No movie title could be as simultaneously accurate and misleading as Brittany Runs a Marathon. It’s not technically inaccurate as the story follows a woman named Brittany who does, spoiler alert, eventually run a marathon. But its emotional core and the majority of the running time is dedicated to everything but the actual marathon.

The movie opens with Brittany (Jillian Bell), a funny and intensely guarded woman in her late twenties who spends her days working at a run-down theater company and her nights either drinking wine, downing boxes of donuts, or both. She is also considered overweight. When she goes to a doctor in Brooklyn to try and procure Adderall, her doctor instead slams her with the news that she needs to start making some lifestyle changes for her health. She initially rejects his claims, saying everybody is beautiful and didn’t he listen to those Dove ad campaigns? However, when she returns home to her small-time beauty vlogger roommate (Alice Lee), she can’t shake his words. A few days later, she tries to go on her first run.

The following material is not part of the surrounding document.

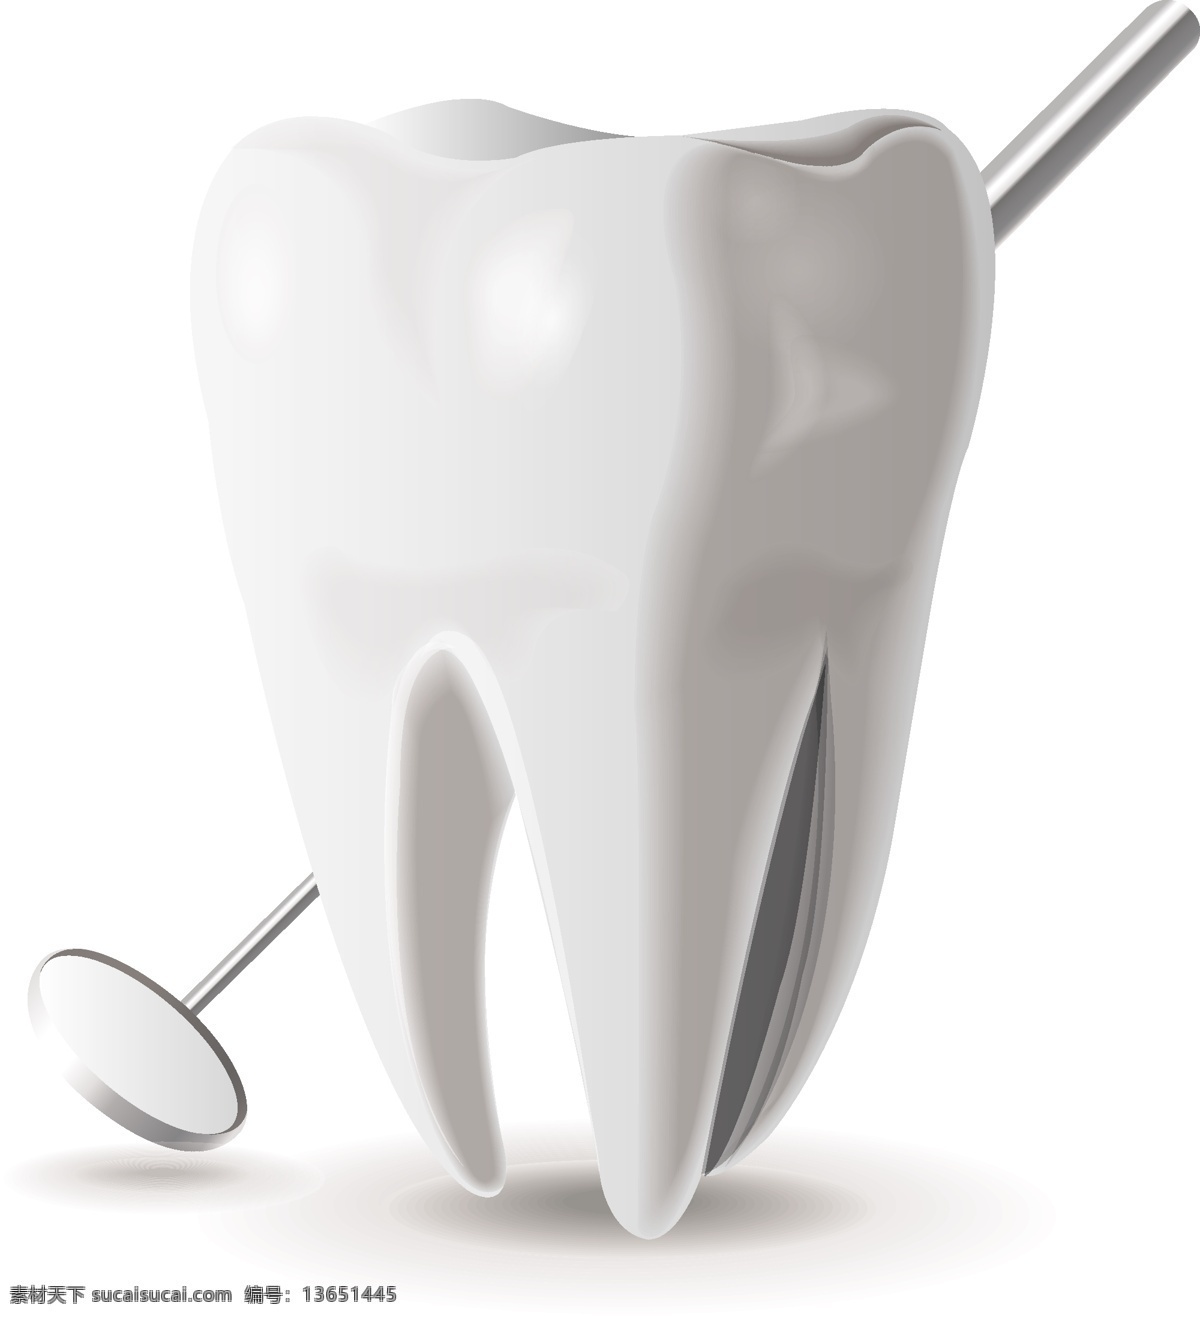 牙齿和牙镜 牙齿 牙镜 牙科 牙齿模型 医疗图标 医药图标 医疗 医学 生活百科 矢量素材 其他模板 白色

I use the word “try” not because she doesn't run far or struggles heavily but because she can't get herself to leave her apartment stoop. Dressed in the closest thing she has to workout clothes, she sees her reflection and suddenly becomes intensely conscious of her surroundings. She sees women much more fit than her running by and feels the man at the hot dog stand staring at her. She quickly abandons her plan and runs into her kitchen to binge on more food. The next day, however, she repeats the process but this time successfully runs around the block. She joins a running group with her neighbor, Catherine (Michaela Watkins), and meets a friend, Seth (Micah Stock).

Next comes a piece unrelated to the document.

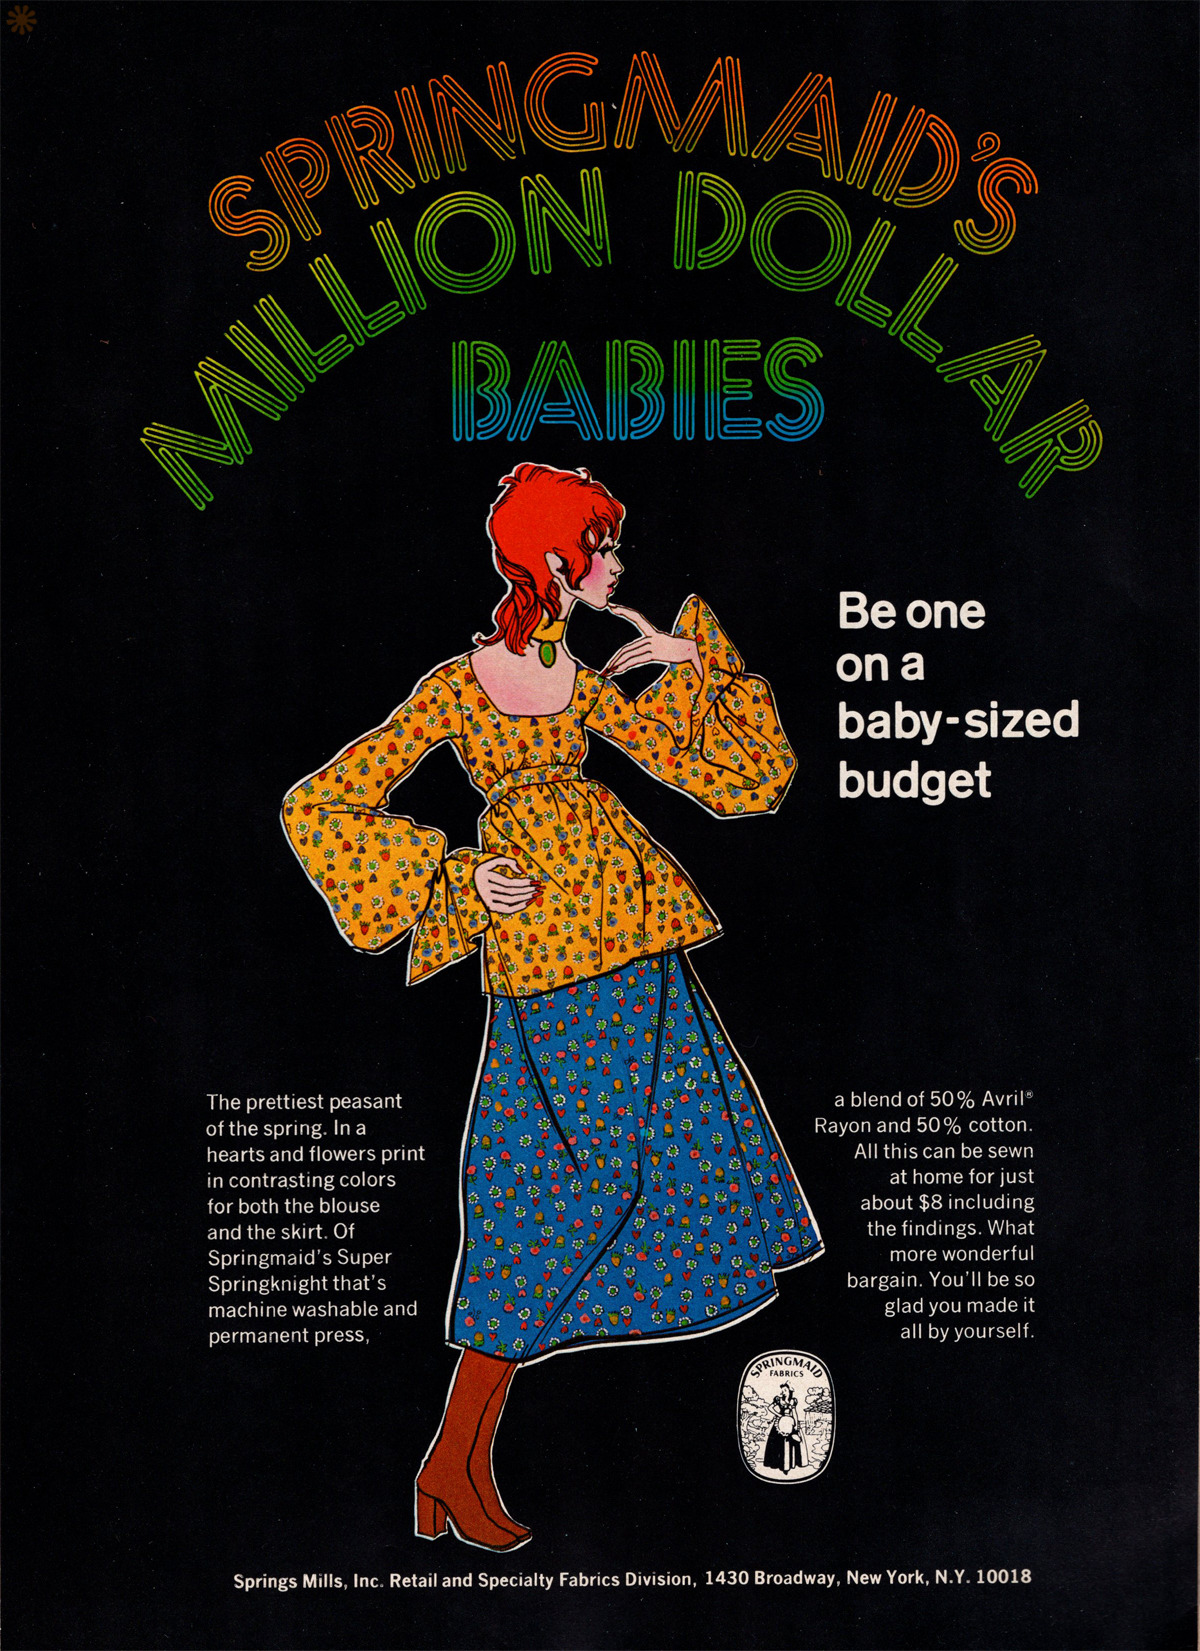 Springmaid Fabrics - published in Co-Ed - February 1971

The movie focuses less on the actual act of running the marathon but more on the toll that preparation takes on her. She starts to lose weight very rapidly as she slowly begins to settle into healthier habits. Brittany soon realizes that losing weight doesn’t solve most of the problems she thought it would. In fact, it seems to not solve any at all. She still works two dead-end jobs, uses humor as a defense mechanism, and, despite her undeniably increased self-esteem, can’t seem to accept that other people genuinely care about her.

Brittany realizes more holistic changes are necessary for growth and begins to focus less on her size. She starts feeling her best when she cuts off toxic friends, embraces a more stable lifestyle, and gets her career on track. These things came as a byproduct of the confidence that running gave her, but the movie is clear that her growth transcended her fitness goals.

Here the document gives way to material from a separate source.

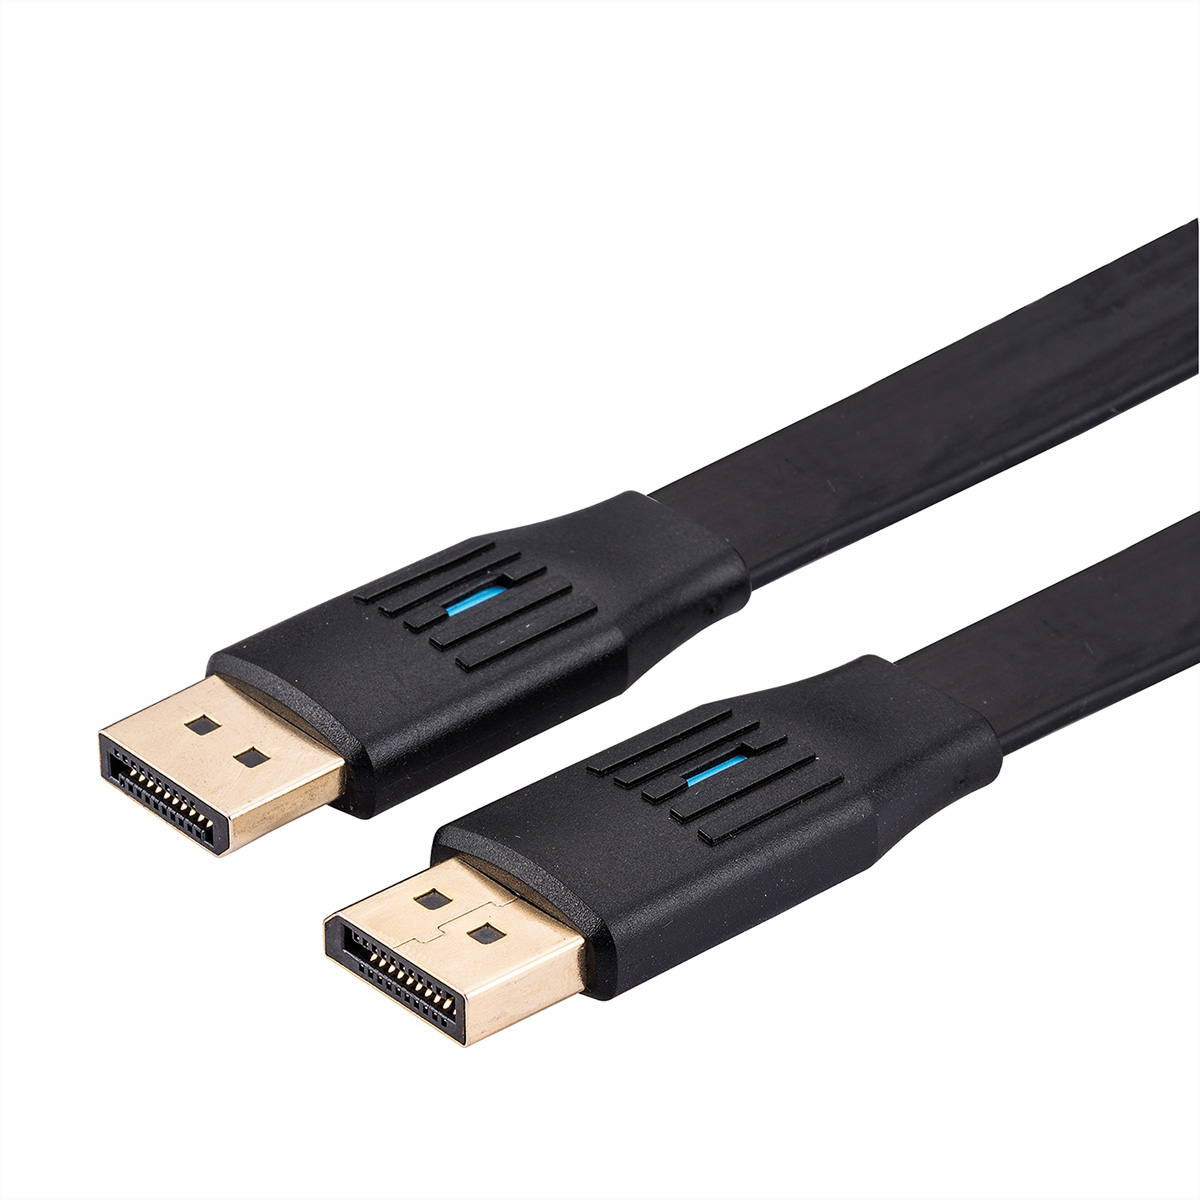 Kabel, m 1 VALUE v1.4, DisplayPort-Kabel, DisplayPort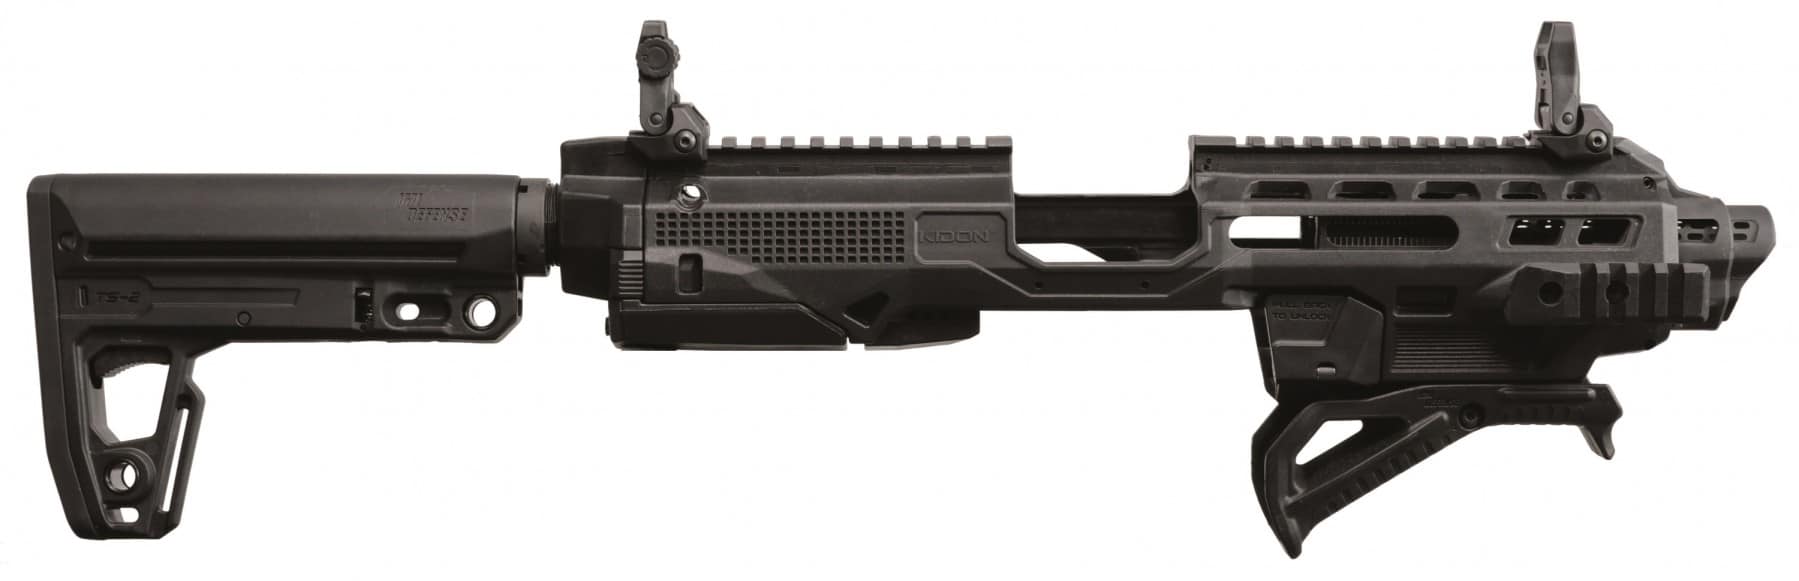 96 A1 Pistol, Beretta

The plot is interesting, dedicating time to a character with a lot of complicated baggage, but Jillian Bell’s portrayal of Brittany makes the film is a must-see. She has proved herself in shows such as Workaholics and movies like 22 Jump Street, but in this, she is phenomenal. She brings a full range of emotions necessary to create real depth and empathy in a character.

Brittany Runs a Marathon seeks to unearth what we want to push to the side. It places a plus-sized woman front and center, instead of relegating her to the position of a funny sidekick. It demonstrates how the path to reach our goals is likely not linear. Most importantly, it shows the painfully slow process of change and how important making that first step is, even if it takes a few tries.